The DGS Corpus Project: Development of a Corpus Based Electronic Dictionary German Sign Language – German

Link:
Autor/in:
Verlag/Körperschaft:
Universität Hamburg
Erscheinungsjahr:
2010
Medientyp:
Text
Beschreibung:
  • With a target size of 400 hours video from 300 informants, the DGS (German Sign Language) Corpus Project (2009-2023) is the first project that will create a DGS corpus comparable in size to spoken language corpora. In addition to making a large language resource available for research, the project will develop a comprehensive DGS dictionary based on corpus data, significantly advancing state of the art in corpus-based sign language lexicography.

    Data collection is done with a mobile studio that over the course of three years will be moved to twelve different locations all over Germany. To obtain language data coming as close to natural language use of DGS as possible, two informants coming from the same region interact with each other in a large variety of tasks lasting six hours altogether. The mix of tasks (including warm-ups etc.) is the result of a pilot phase with extensive testing of various elicitation formats and materials.

    The studio setup was chosen to make the informants feel as comfortable as possible without compromising recording quality. The 7-cameras setup (HD and stereoscopic cameras) promises to deliver videos suitable for manual transcription and image processing that over the course of the project is expected to deliver semi-automatic annotation to increase the effectiveness of the transcription process.

    As a first step to make the corpus data accessible, translations into German will be produced. The next step is a basic transcription, providing a sign-by-sign segmentation and type-token matching. More detailed transcription (including grammatical information, use of space, eye gaze) will be carried out in a third phase. As limited resources do not allow the whole corpus to be transcribed in detail, it will mainly be the lexicographical workflow determining which parts of the corpus need to be transcribed in detail.

    Both the transcription and lexicographic work will be carried out within the iLex environment which will steadily be extended over the course of the project in order to make use of synergies with other projects running in parallel (such as Dicta-Sign on semi-automated annotation) or to match new challenges from new linguistic research questions.
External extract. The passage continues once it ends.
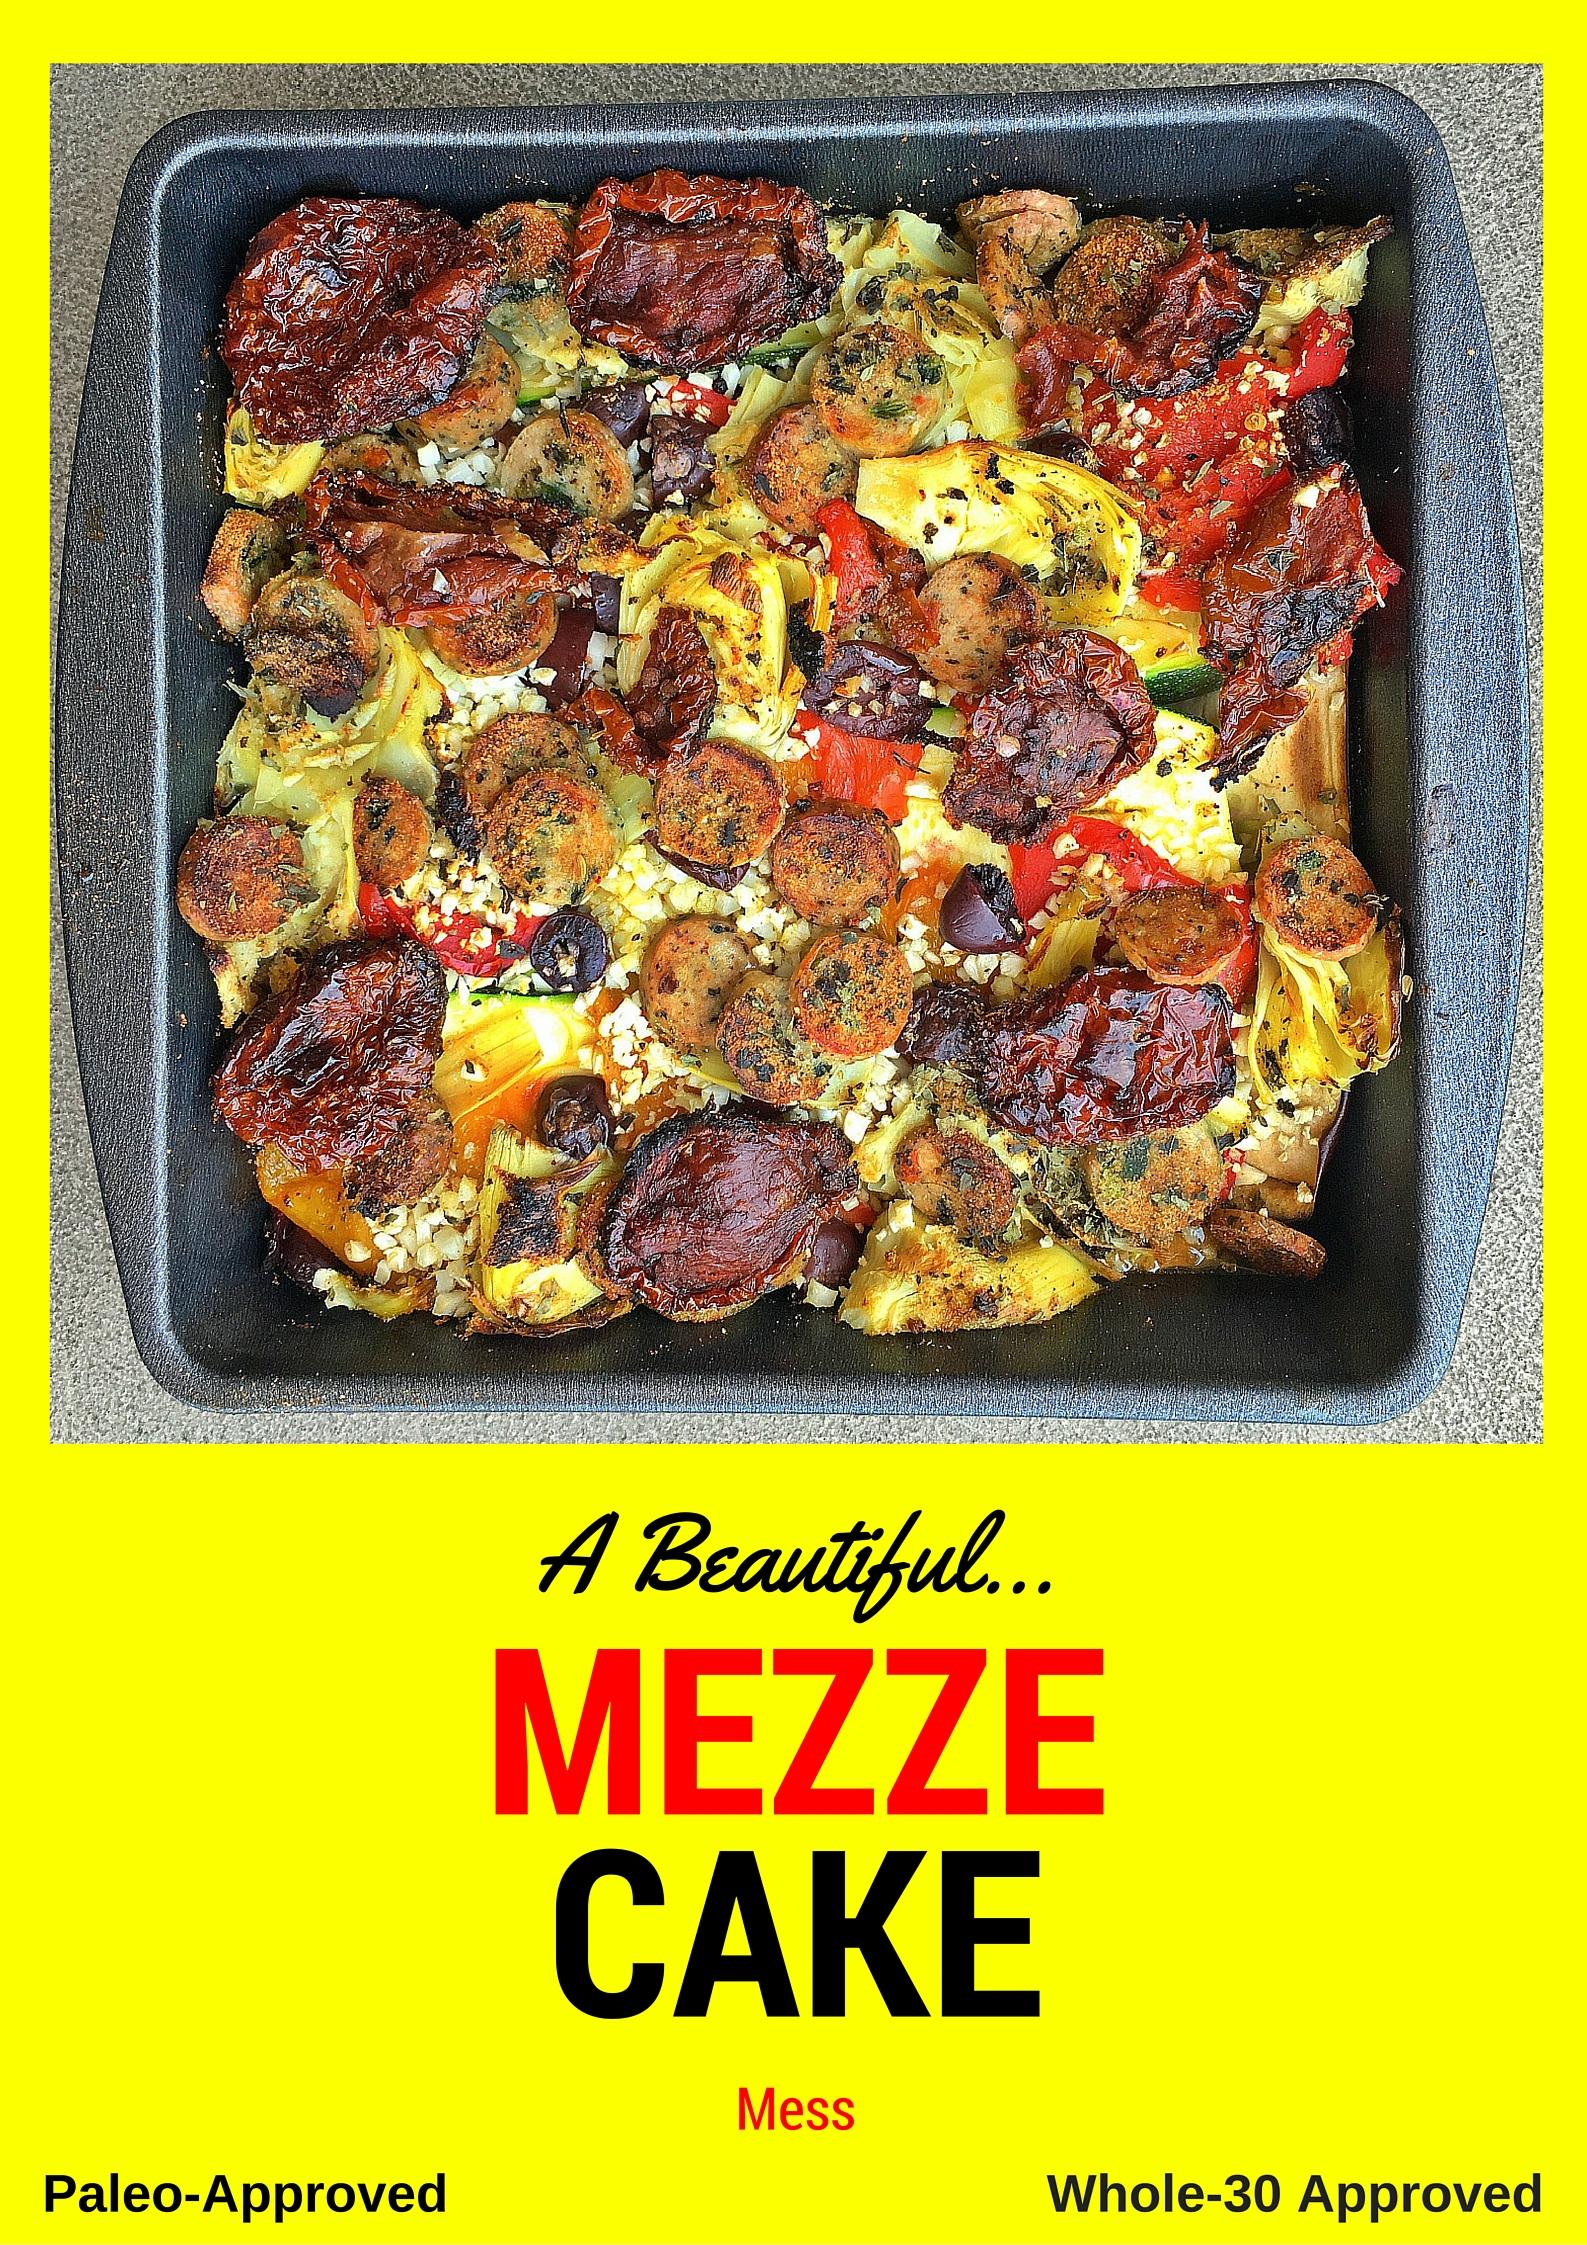 Mezze Cake

With more than 20 people working concurrently with corpus data, it is evident that quality assurance has a central role in the project. Intensive transcriber trainings and coding manuals as well as experiments on formalizing inter- and intra-transcriber agreements for coding conventions used (such as HamNoSys) are only the first steps taken. In addition, researchers as well as student coworkers are invited to carry out pilot data experiments on annotation data and metadata to see if data analyses are possible within the existing data model and annotation conventions long before enough data become available to make these studies really feasible. Feedback from these experiments allow us to continually evolve the transcription process and adapt the transcription environment.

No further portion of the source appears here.